The New York-based research agency, in its quick view, noted that the rupee’s devaluation was triggered by the decision among local foreign exchange companies to remove the self-imposed cap on the exchange rate on January 25.
The State Bank of Pakistan (SBP) initially intervened, but the significant depreciation in the rupee “is a clear sign the authorities have effectively loosened their grip on the currency.”
Fitch Solutions mentioned that their current forecast for the rupee to reach Rs248 per dollar by year-end “is therefore now looking out of date”.
Following massive depreciation of 14.36% (or Rs38.74) in the last three days (Thursday-Monday), compared to Wednesday’s close at Rs230.89, the rupee’s steep fall hit brakes as it was changing hands with the greenback at Rs268.20 in the interbank market (as of 11:04am).

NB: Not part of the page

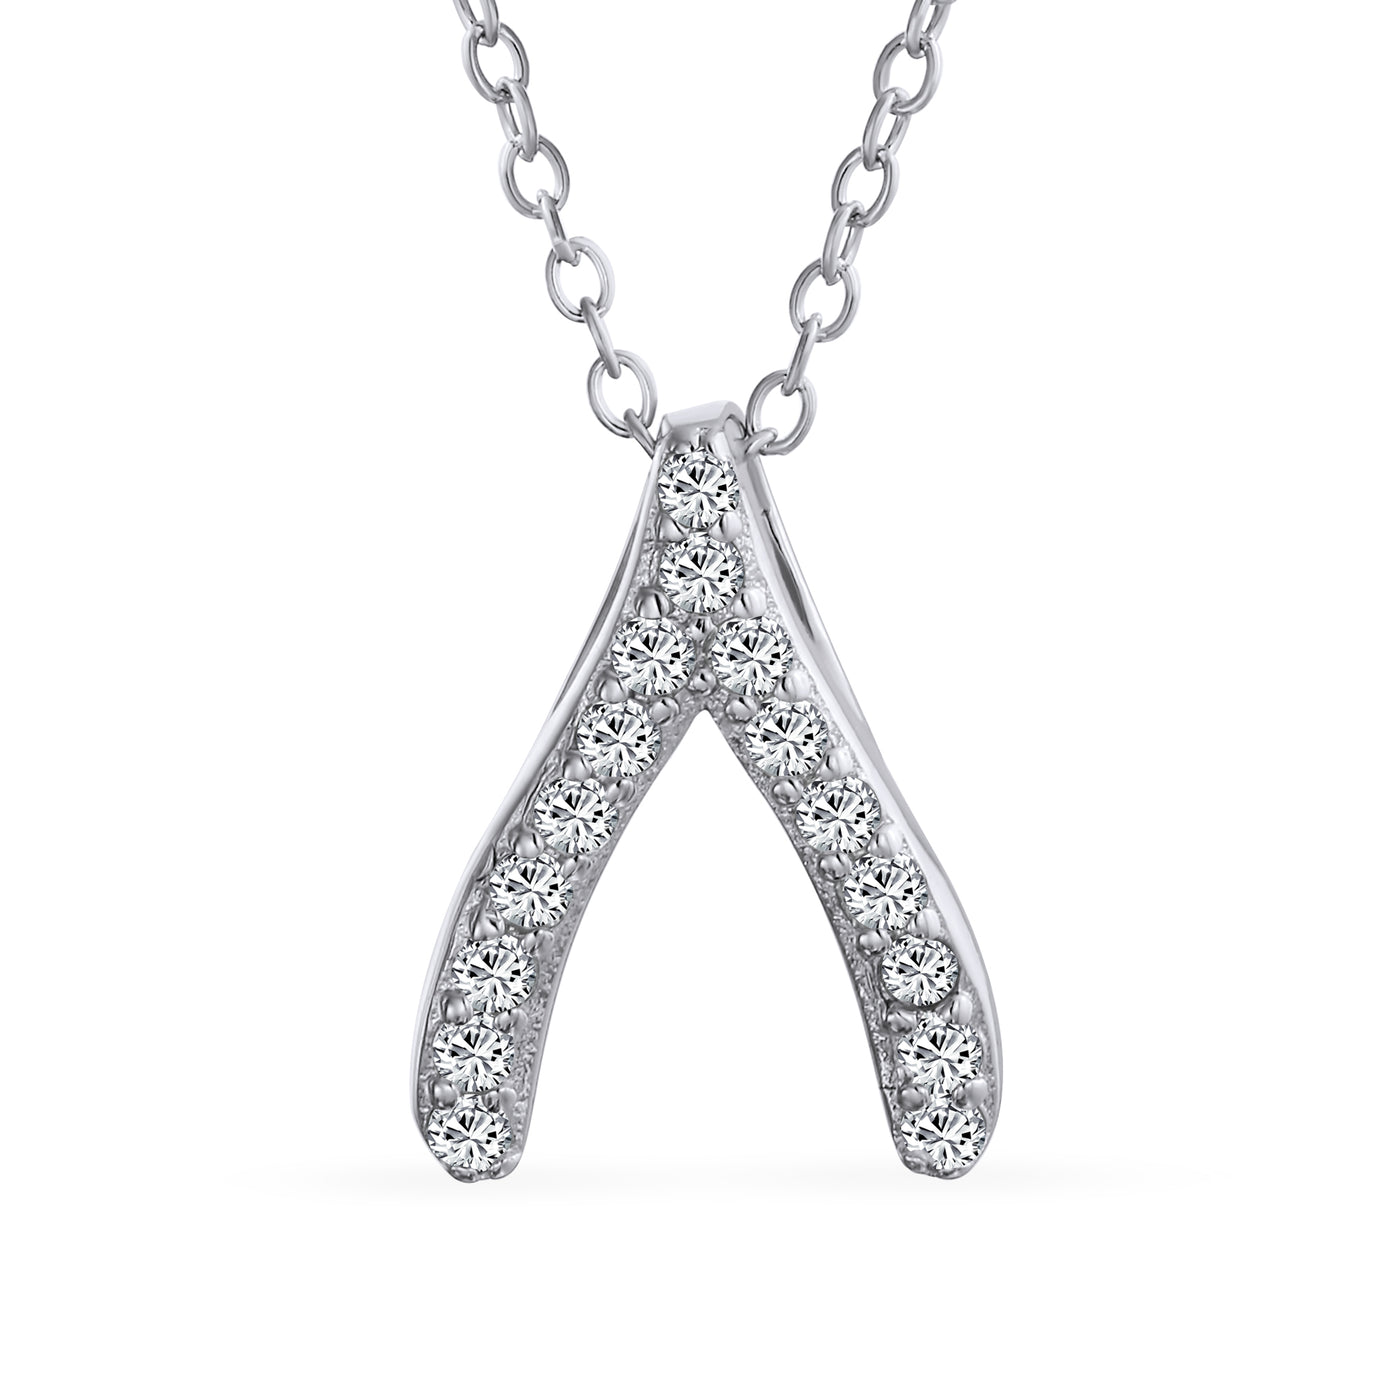 Solid Sterling Silver Good Luck Charm Wish Bone Pave Pendant Necklace

“We believe that the rupee’s weakness still has further to run particularly with Pakistan’s balance of payments positions likely to remain weak for several more months,” it noted.
The agency said that there remains a “considerate amount of uncertainty at this juncture” therefore it is difficult to gauge the extent to which the latest devaluation has caused investor sentiment to soar further.

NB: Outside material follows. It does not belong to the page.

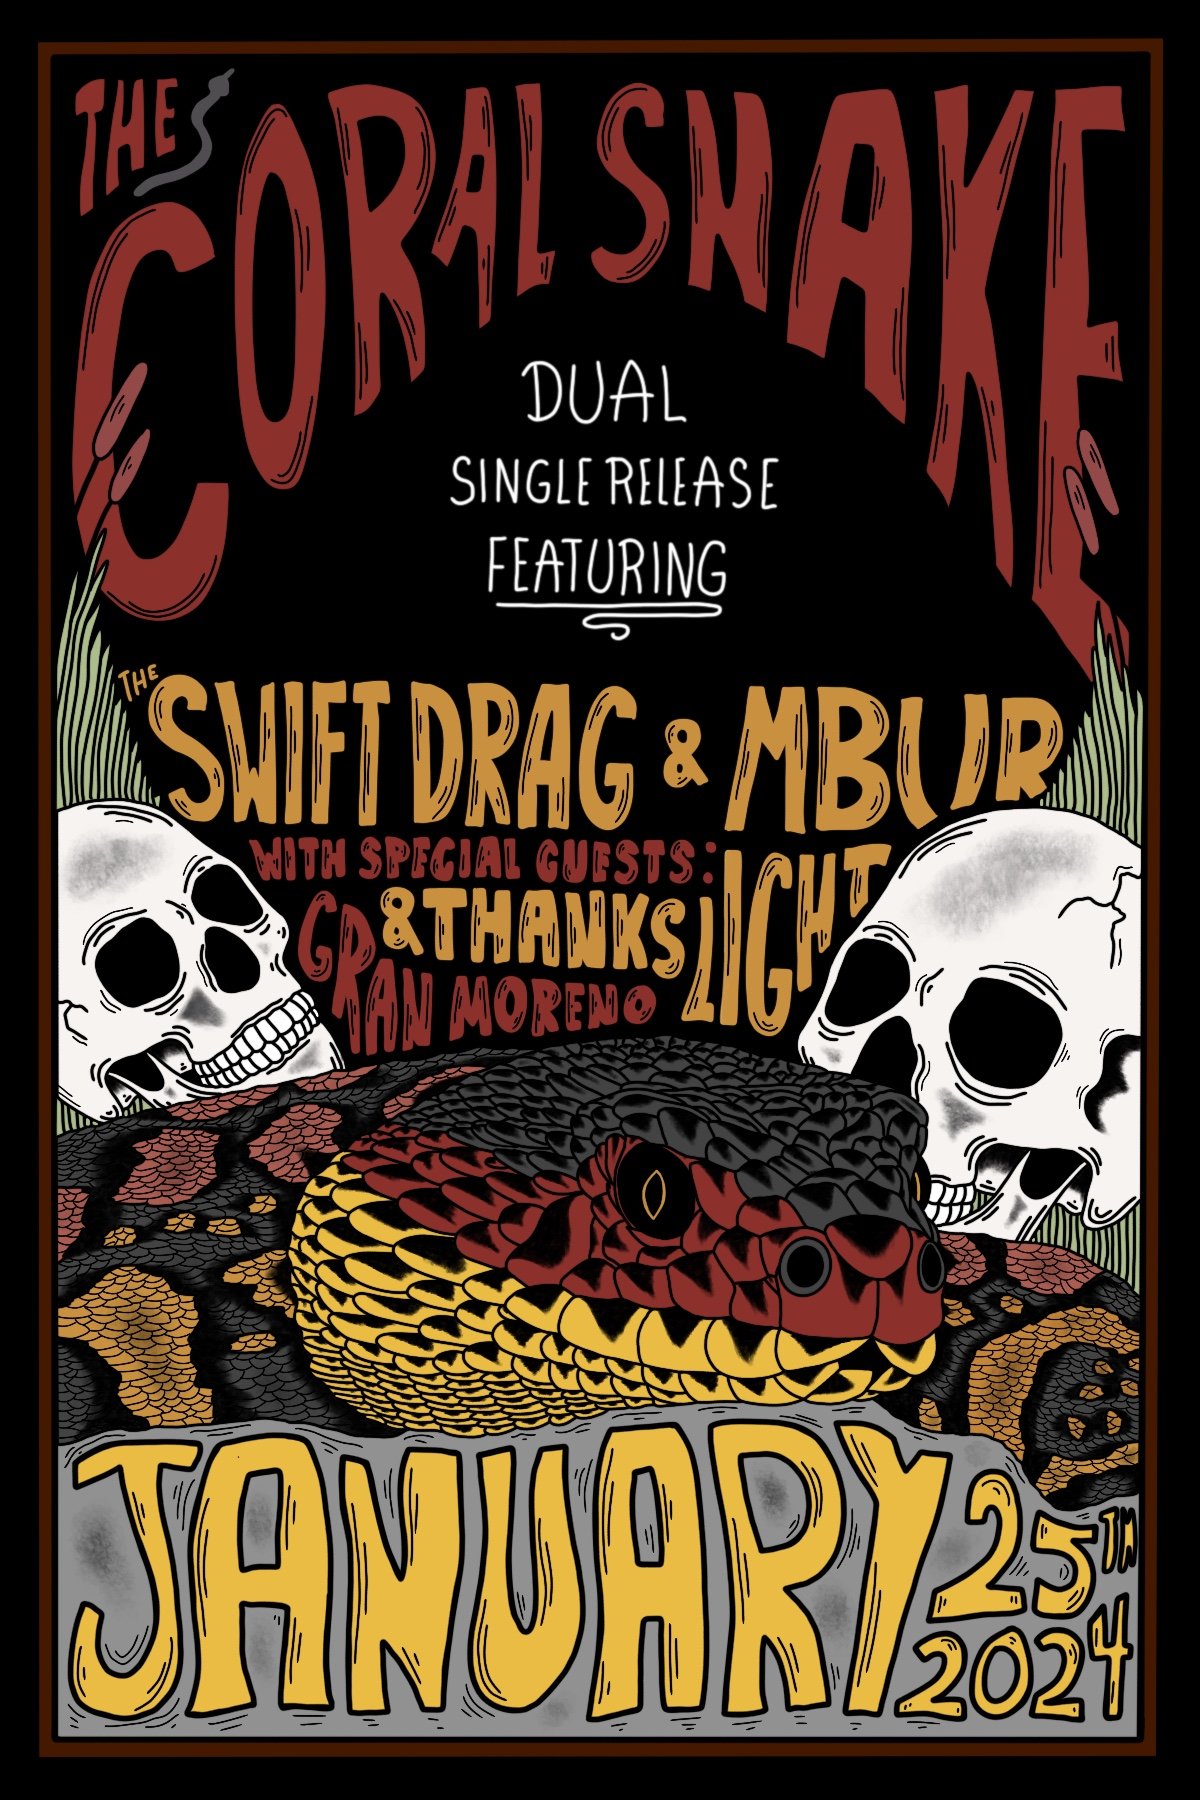 The Coral Snake "Show Poster"

“We will therefore firm up our rupee forecasts over the coming weeks, once the dust settles,” the quick view mentioned.
In its analysis, Fitch warned that a continued weakening in the rupee will have broader economic implications too in the near term, “it could exacerbate imported inflationary pressure and may eventually result in steeper policy rate hikes from the SBP.”
The report added that Fitch expects Pakistan’s economy to contract by 0.3% in the fiscal year 2022-23.
Fitch, however, mentioned that the rupee’s devaluation will help Islamabad secure further disbursements from the International Monetary Fund (IMF), which would be a positive for the longer-term outlook as it would help ease Pakistan’s balance of payments strains.
The world's fifth-biggest population has less than $3.7 billion as reserves in the State Bank — enough to cover just three weeks of imports.
It should be noted that this commentary was published by Fitch Solutions Country Risk and Industry Research and was not a comment on Fitch Ratings’ Credit Ratings.